The older man looked thoughtful. "How much do I owe you?"
"I believe the total comes somewhere in the neighborhood of one hundred fifty thousand yen."
"Make it two hundred thousand. Two hundred thousand yen says my boy Katsuya won't lose a single round."
"Interesting," said Same. "That might just be worth my while. Very well, we will draw up a contract."
He sidled over to the bar and took out a notepad. Slipping a pen from his pocket, he wrote out two identical documents, stating the terms of the bet. They both signed both copies - Same with a flourish, Mr. Jonouchi with a shaky hand. Then Same folded up one sheet and tucked it into an inner pocket of his coat; several similar documents could be seen there, as well.
"This calls for a toast," said Same. "Bartender, another drink for me... and bring something nice for our friend, here. My treat."
The bartender nodded and poured another glass of wine from a dusty bottle, and placed something in a double old-fashioned glass in front of Mr. Jonouchi. The two of them touched their glasses together.
"Here's to familial loyalty," said Same.
"Hear, hear," Mr. Jonouchi agreed.
He drank deeply from his glass. Same sipped disinterestedly at his drink a while, but his "business partner" wasn't very interesting company. He slipped away, glancing back over his shoulder long enough to see the other man calling for another drink like the first one, and shook his head.
"This is going to be so easy, I should feel guilty about it," he murmured. Still, he had done too many things he ought to feel guilty about without having so much as a twinge of remorse; there was no point in starting now. Not when he was looking at easy money. He patted the sheaf of papers hidden in his pocket and wandered off into the smoke-filled gloom.

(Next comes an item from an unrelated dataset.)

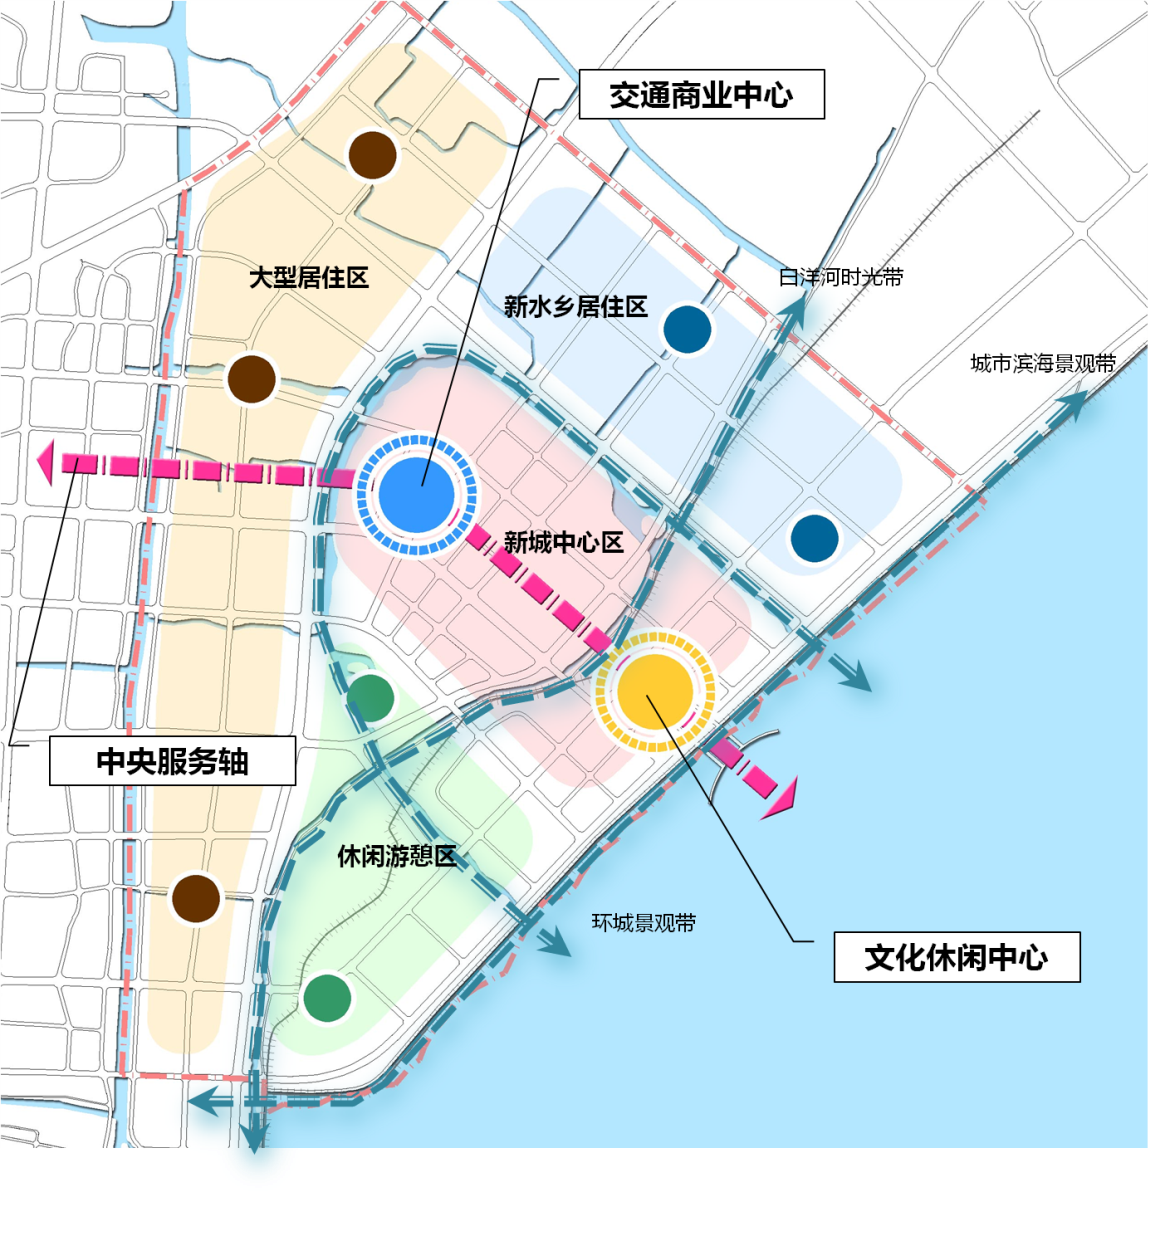 海盐县滨海新城围垦区块战略策划及空间指引图片

The next weekend came with what seemed to everyone who had entered the tournament like glacial slowness. There had to be at least a month, Yugi felt, between the day he'd filled out his entry pass and the day when his grandfather finally called to him to hurry up and come get breakfast, or he'd be late for the tournament. Yugi had already been up for two hours, hanging around his room and sorting his cards.
I don't think you were this excited before the other two tournaments you were in, his other self commented.

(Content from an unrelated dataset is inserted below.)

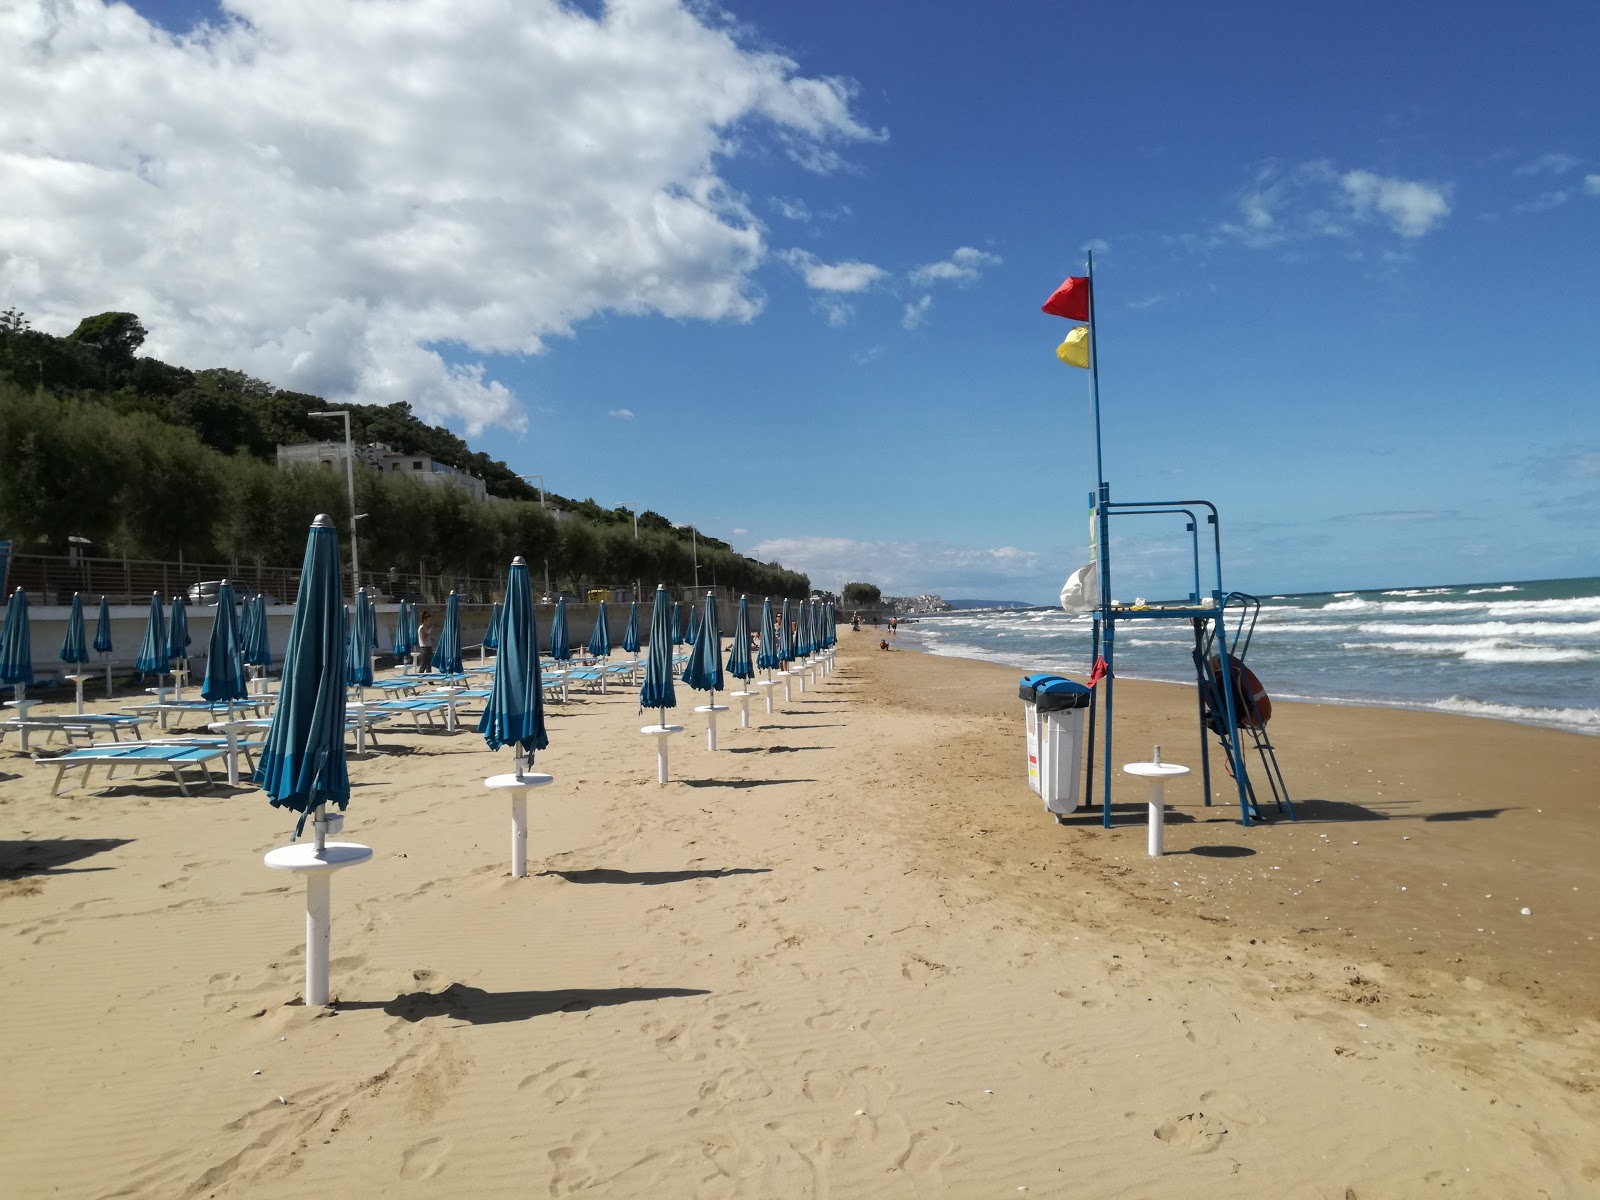 Spiaggia di San Menaio'in fotoğrafı çok temiz temizlik seviyesi ile

"That was different," Yugi explained. "Those were serious. This is just for fun. I like fun."
He heard the spirit chuckle softly. Yes, I know. And sharing my destiny has cost you opportunities to have fun. It's time you had a chance to relax and enjoy yourself.
"You can play too, if you want," Yugi offered. "We can take turns."
We'll see. It might be fun for me to watch you play instead of the other way around.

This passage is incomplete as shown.